The U.S. Department of Justice (DOJ) on Tuesday issued a memorandum to all federal agencies that further delineates specific practices that the Trump administration considers violations of civil rights law, including diversity, equity and inclusion (DEI) programs. The memo generally follows previous executive orders and guidance documents in this area.

While the guidance applies to all recipients of federal funds, many of the examples of potentially illegal practices cited concern education. These include lounges and other spaces set aside for specific groups, race and gender-based scholarships, and university hiring and admissions policies. Overall, the DOJ memo broadens the scope of practices identified by the administration as potentially violating federal law.
As with the previous guidance in this area, such as the U.S. Education Department’s (ED) February 14 Dear Colleague Letter, a careful reading is warranted.
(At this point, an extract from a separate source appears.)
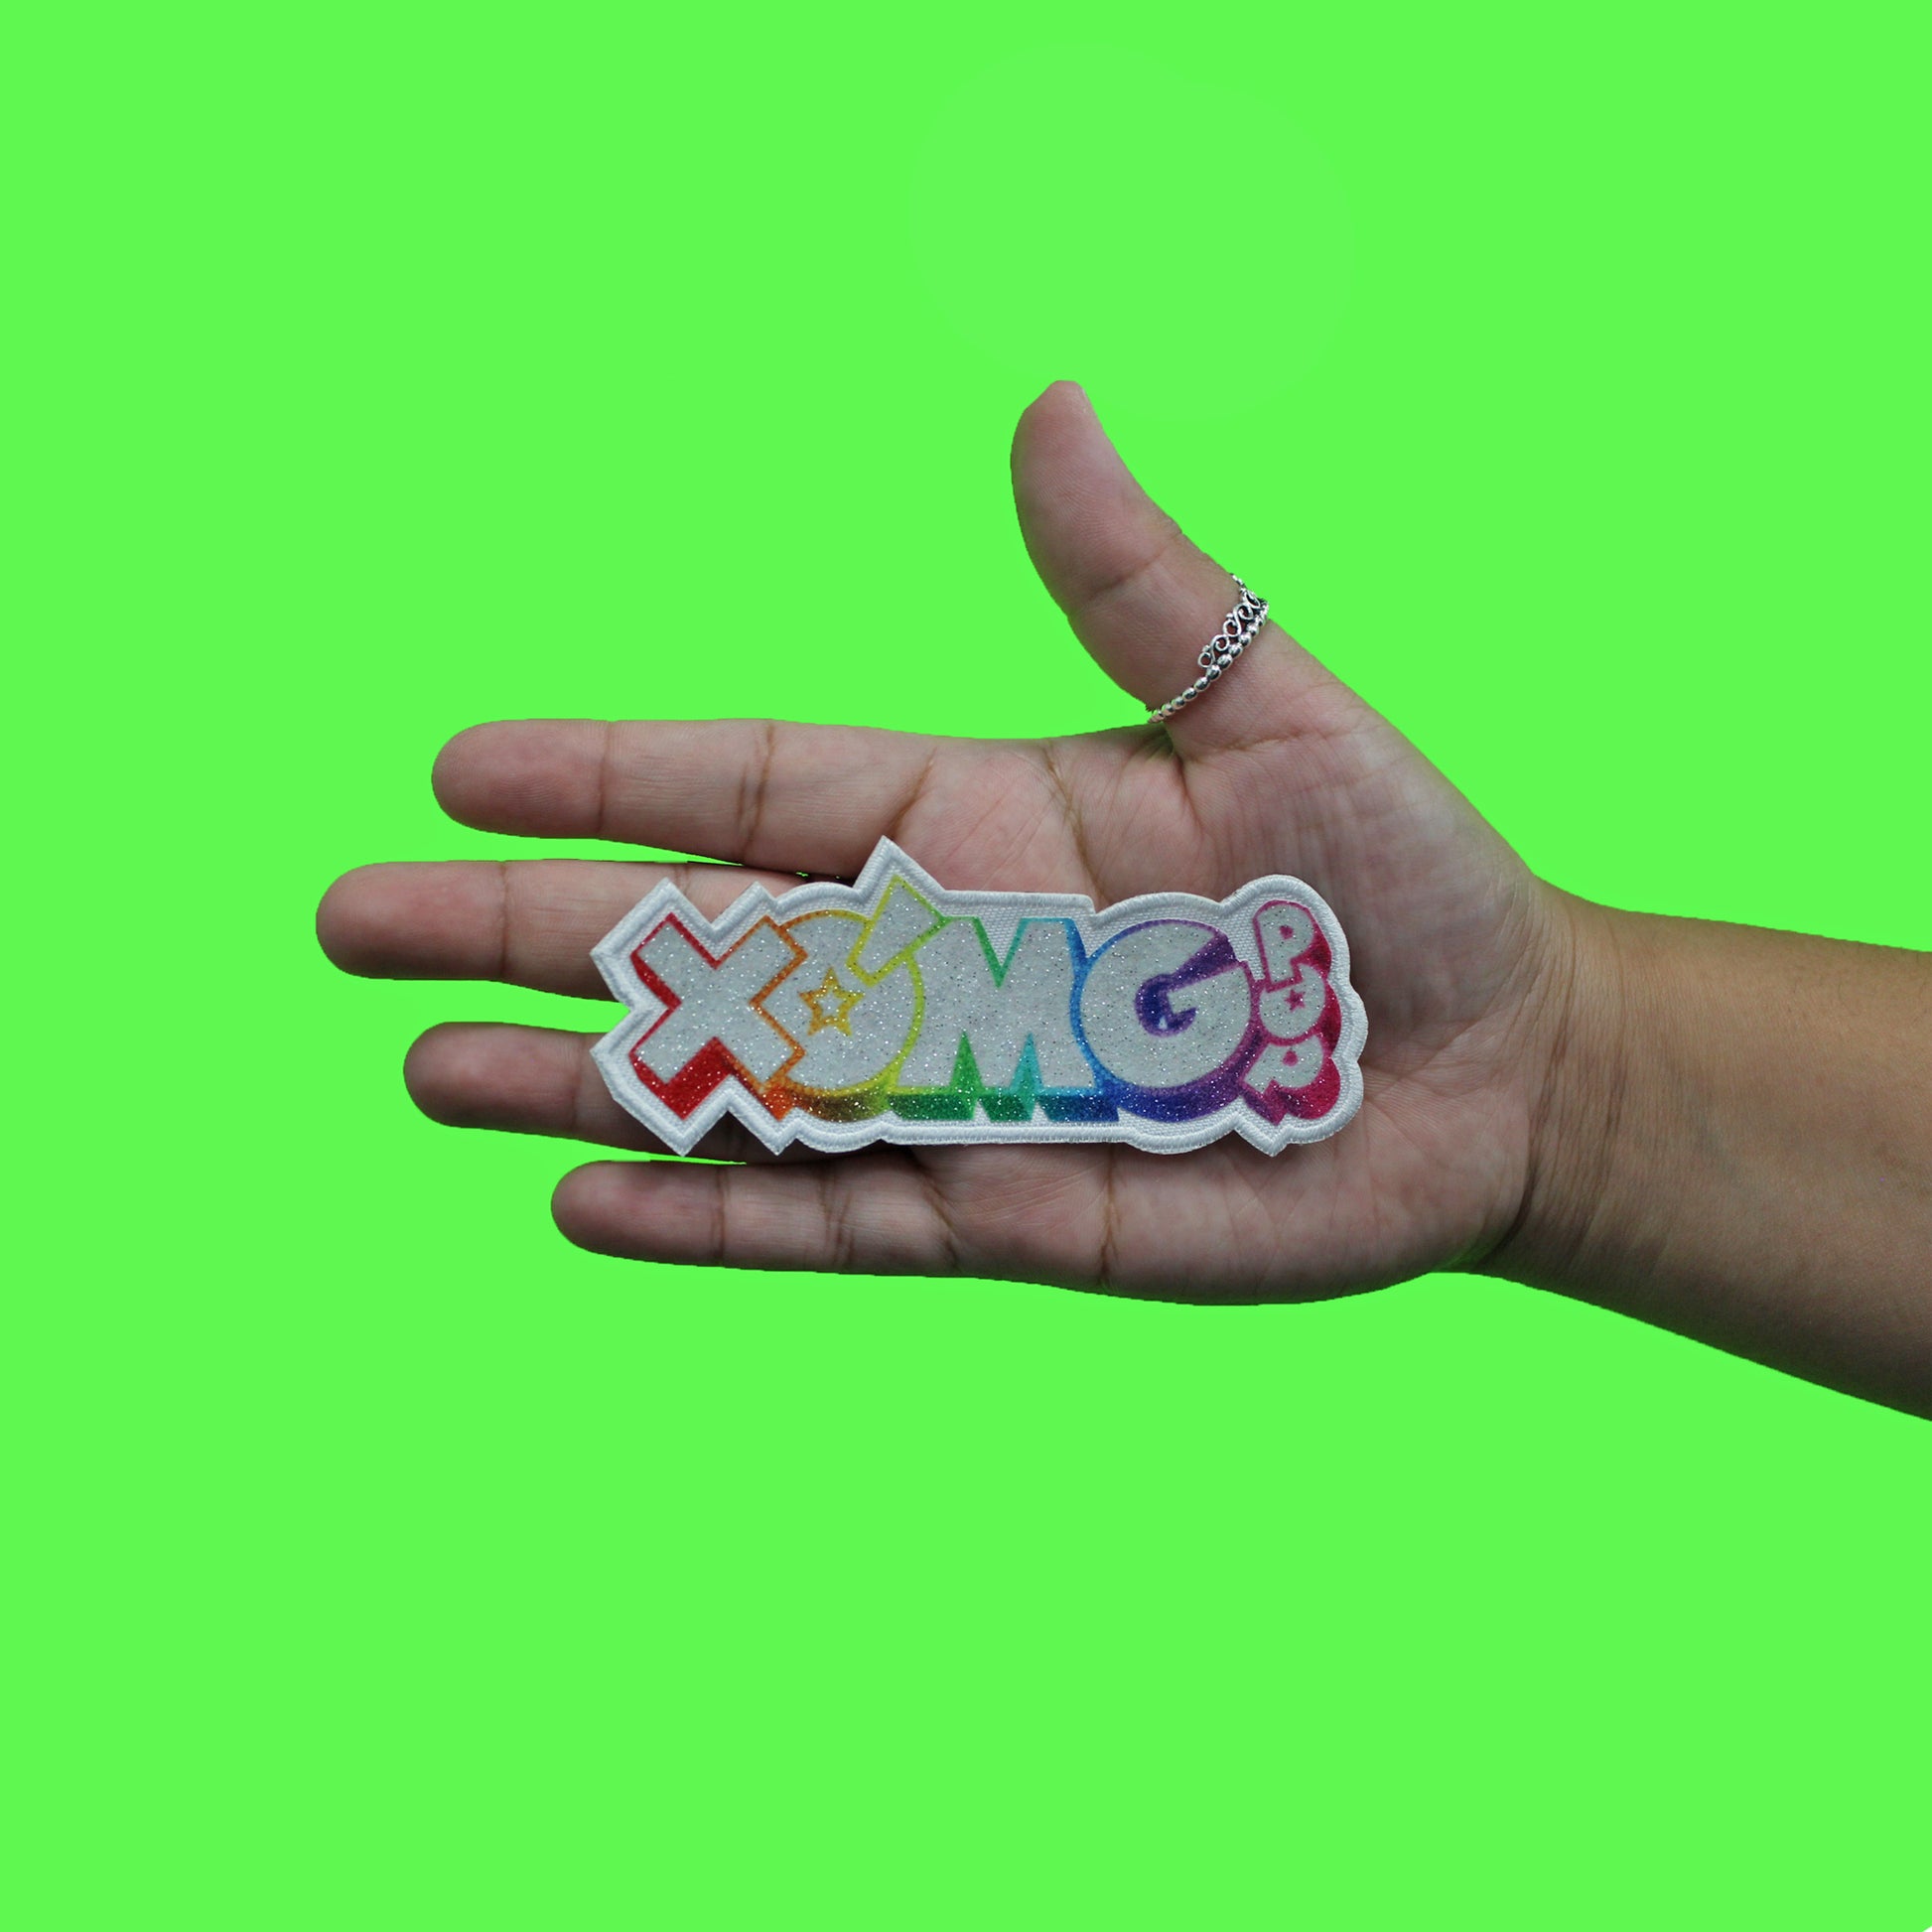 XOMG Pop Glitter Logo Patch Dance Girls Applique Iron On

In several instances, the memo seems to declare broadly that a certain practice is illegal, but a close reading somewhat narrows the scope. This is especially apparent in the section of the guidance that addresses use of “proxies” for protected characteristics, which is an expansion upon previous guidance. The memo notes that use of “proxies” must be intended to “advantage or disadvantage individuals based on protected characteristics” and goes on to list examples that are “potentially” unlawful, including cultural competence requirements in hiring, geographically targeted recruitment and diversity statements.
Many legal scholars noted after the executive orders and previous Trump administration guidance in this area that it is the courts that decide whether a given practice runs afoul of the Constitution and federal civil rights law, and that any practice that was legal before the guidance was issued is still legal. The same is true for this DOJ memo. Many of the practices listed in the memo have not been found by courts to be generally unlawful, but the legal landscape is ever-shifting.
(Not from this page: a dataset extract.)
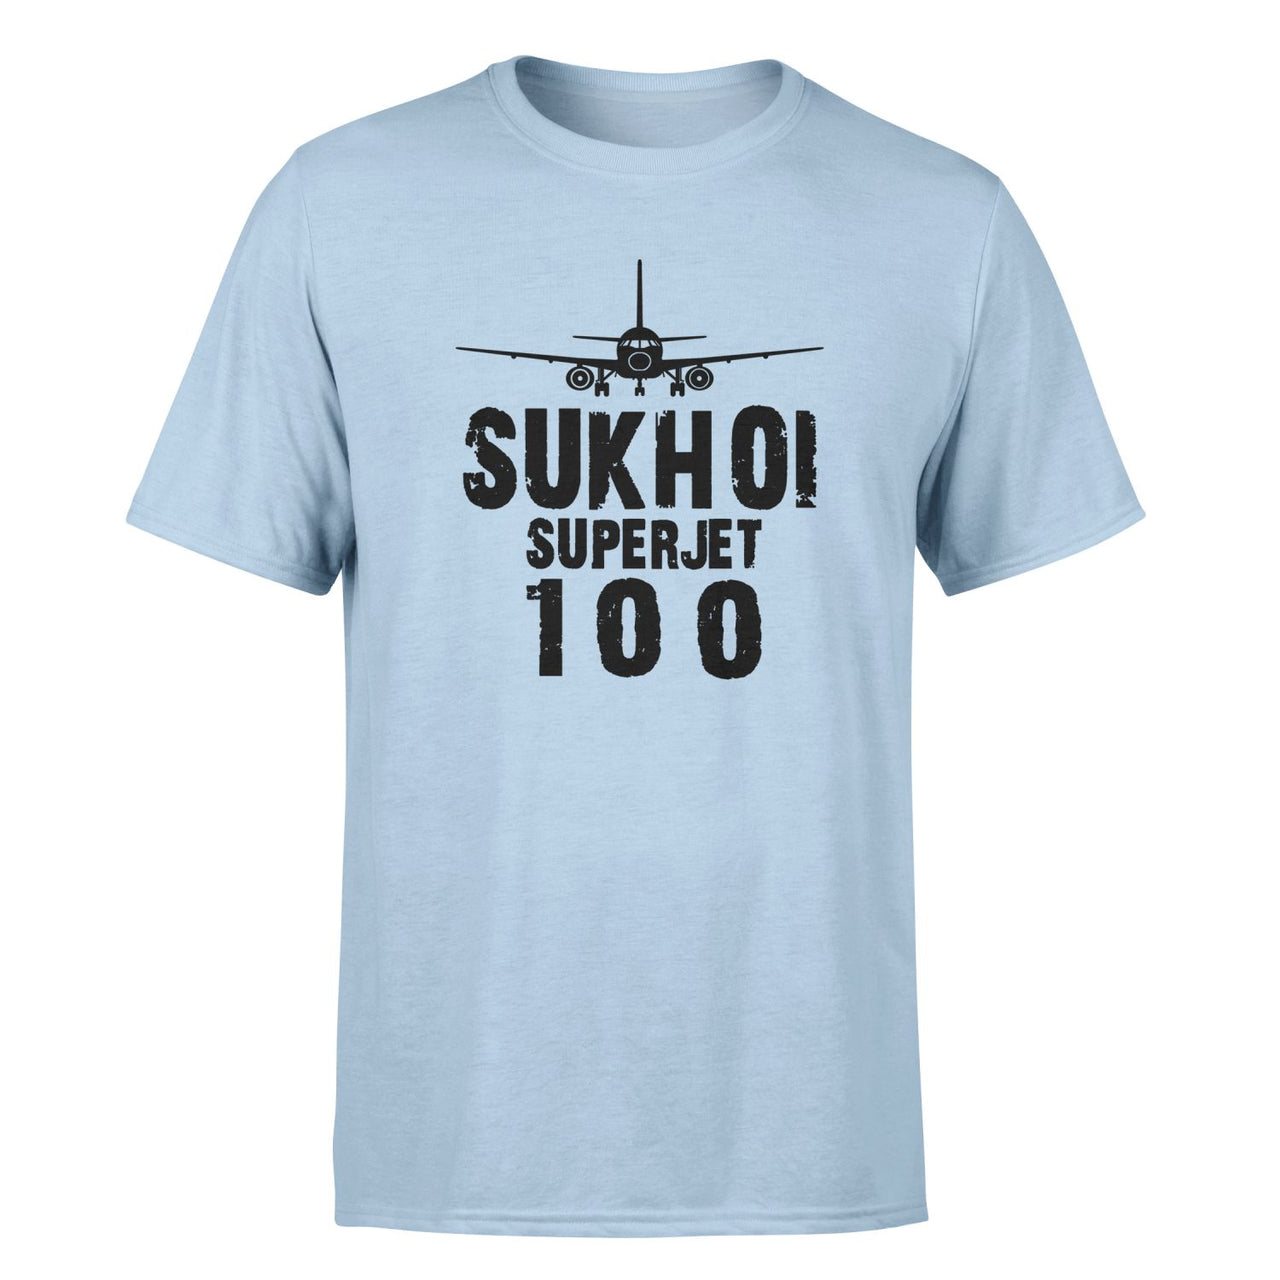 Sukhoi Superjet 100 & Plane Designed T-Shirts

For example, the state of Tennessee and Students for Fair Admissions, the group that brought the lawsuit resulting in the Supreme Court decision prohibiting race-based admissions to achieve student diversity, have sued ED, arguing that the Hispanic-Serving Institutions program is unconstitutionally discriminatory. Many other lawsuits arguing against some of the practices listed in the DOJ memo are also pending.
As with the previously issued guidance, colleges are advised to consult with their legal counsel and possibly other state officials to determine what, if any, actions to take in response to the DOJ memo.